◆ Extracted entries
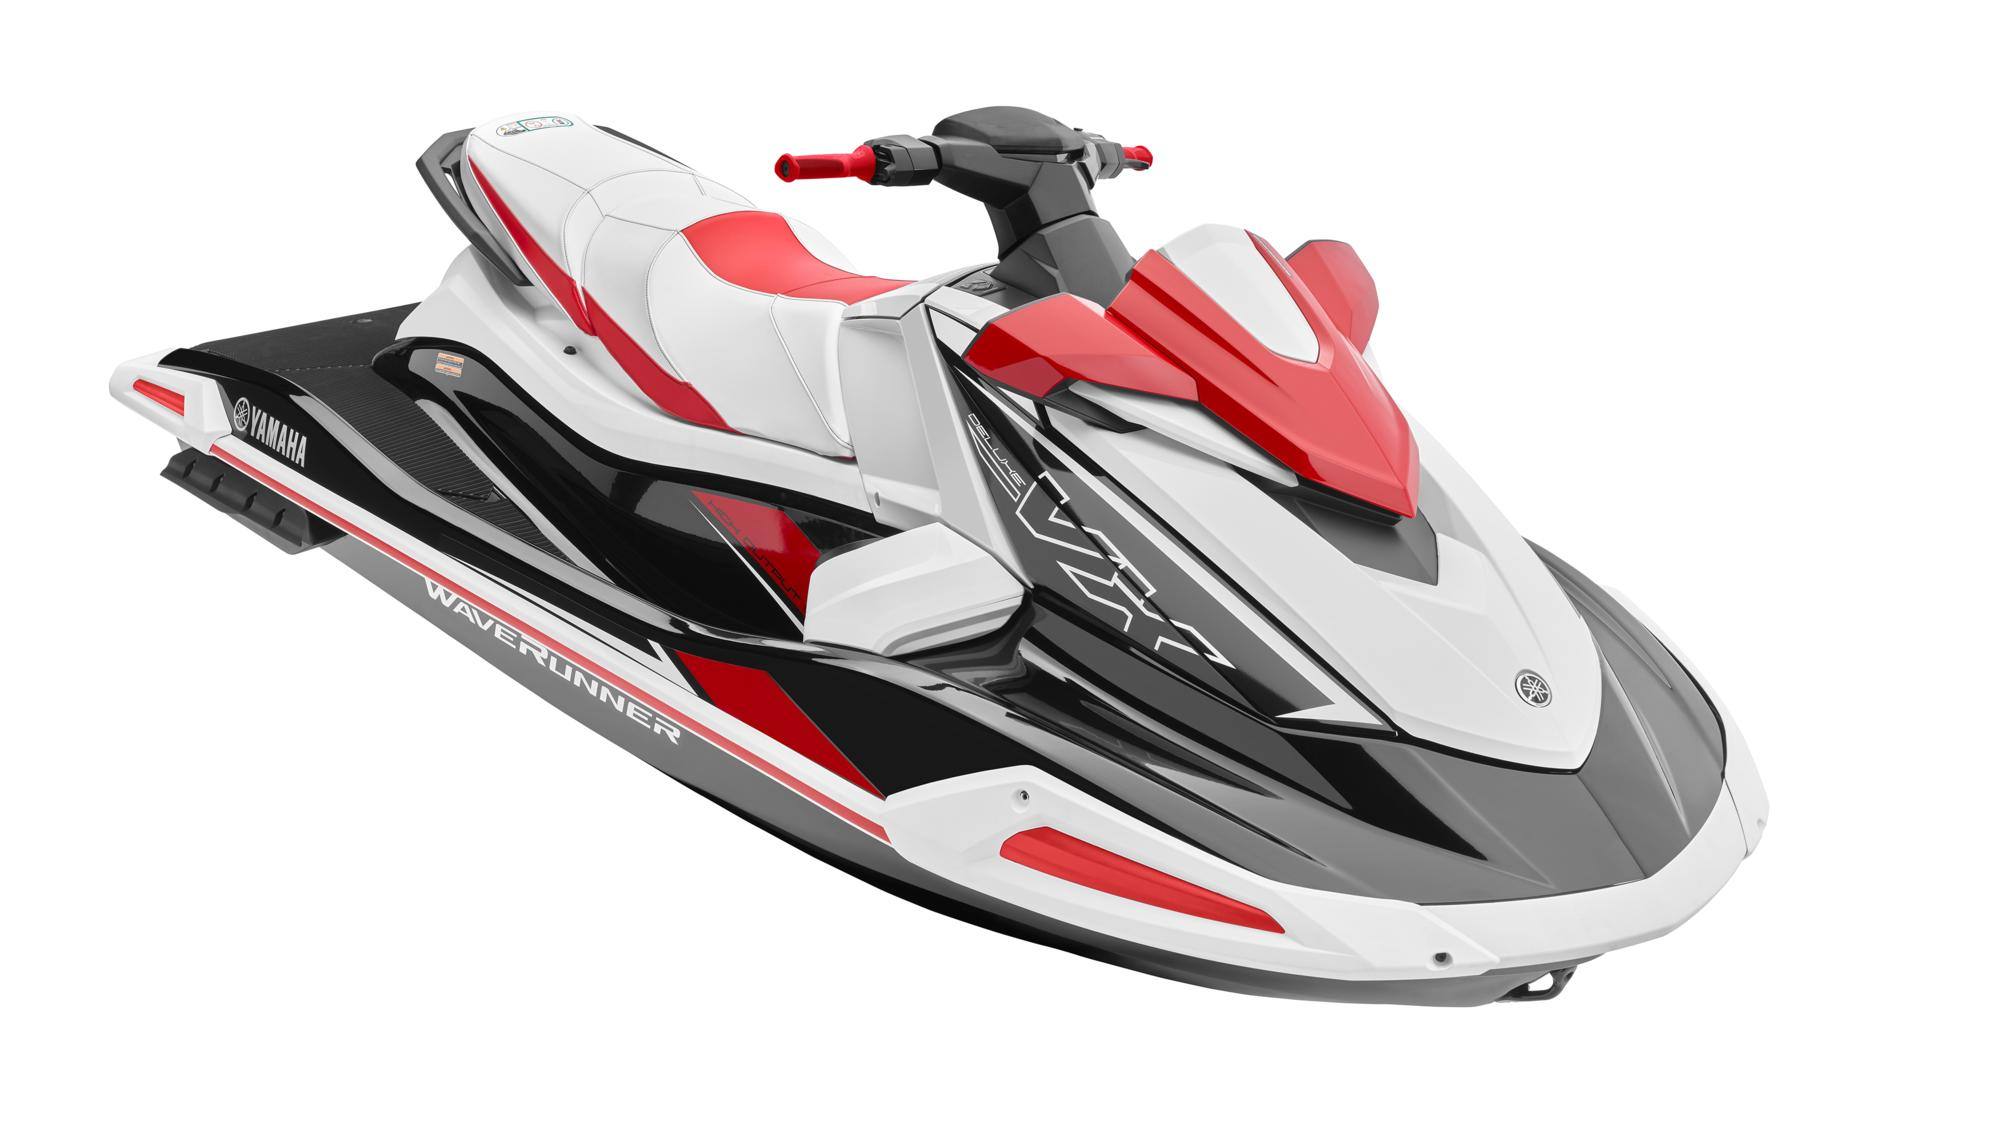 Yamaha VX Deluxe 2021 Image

---

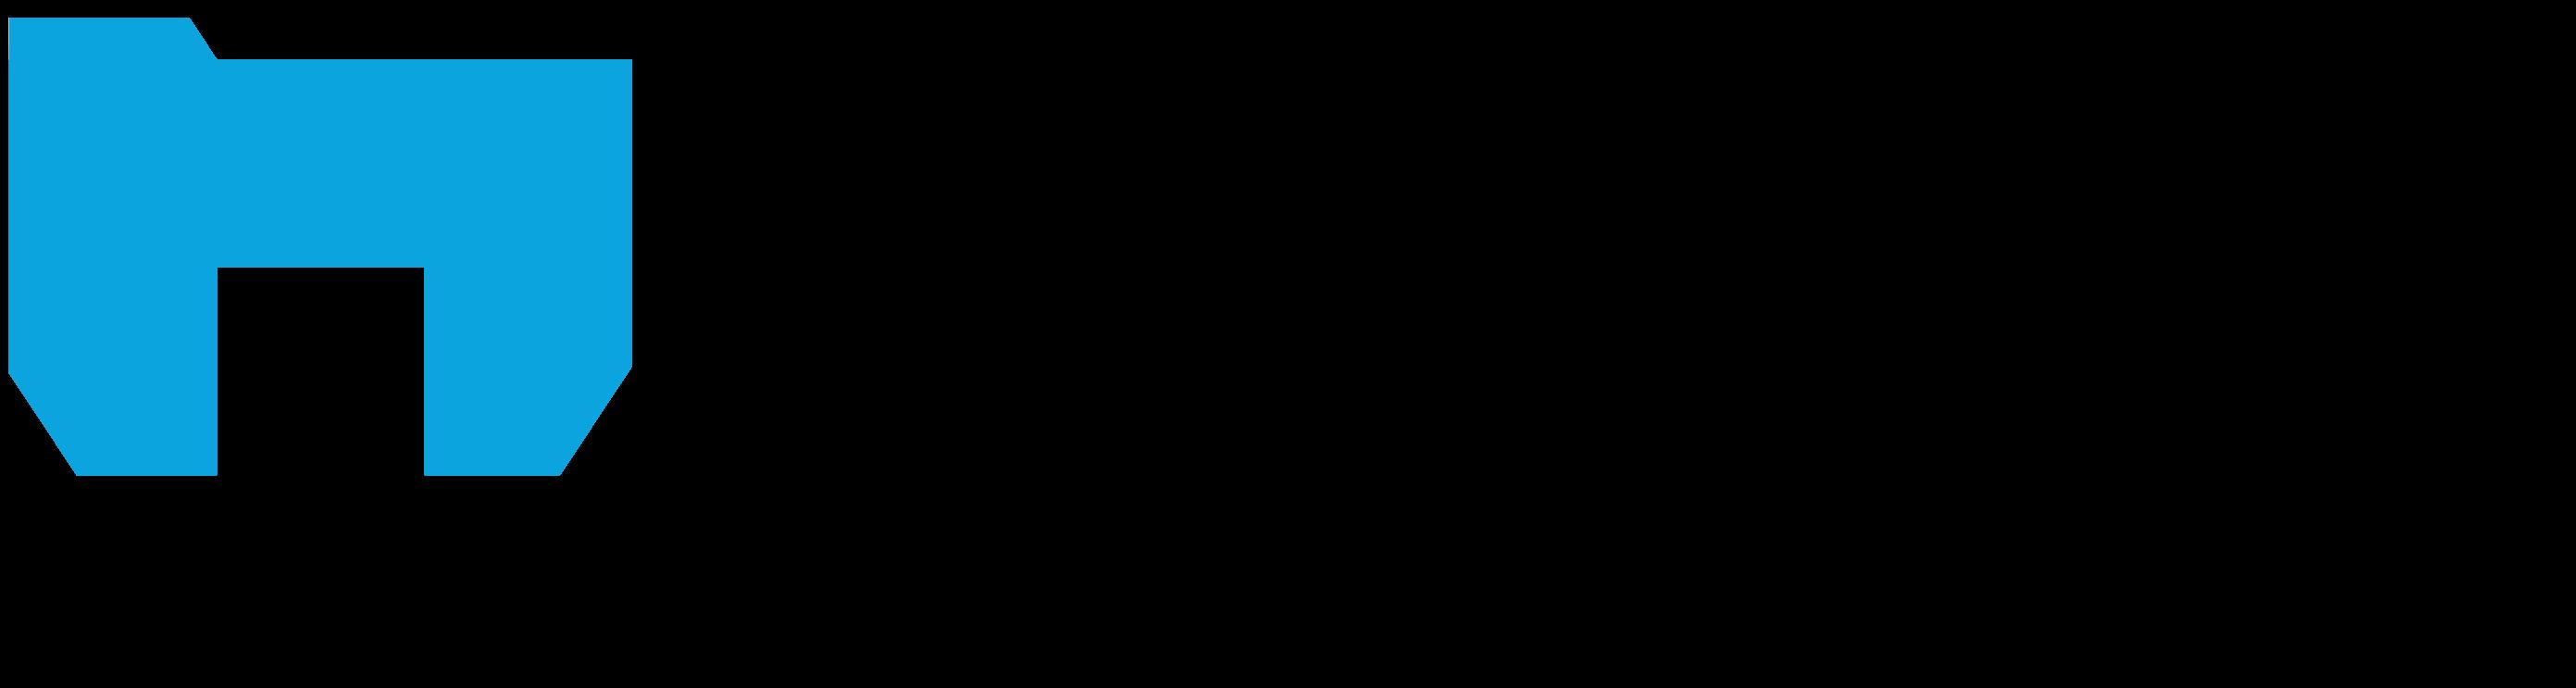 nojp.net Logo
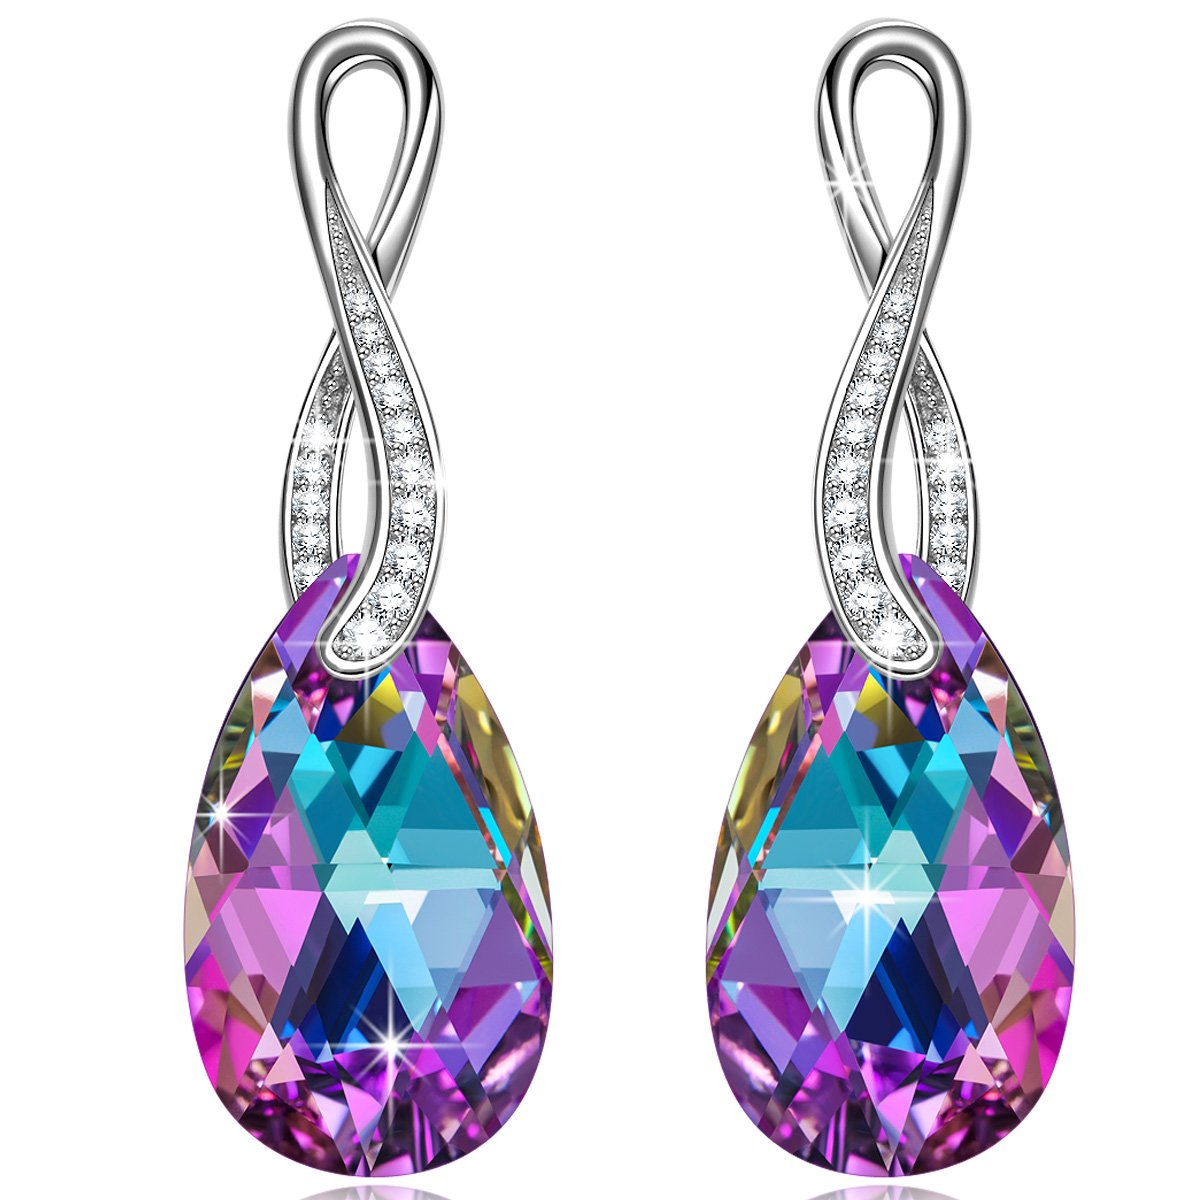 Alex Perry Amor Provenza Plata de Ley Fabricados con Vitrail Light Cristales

◆ Task to carry out
Start with the line with "nojp.net Logo" in the listing above and stop after the line with "Alex Perry Amor". Write out exactly the lines in that stretch and no others, without pictures.

◆ Completed exercise
 nojp.net Logo
 Alex Perry Amor Provenza Plata de Ley Fabricados con Vitrail Light Cristales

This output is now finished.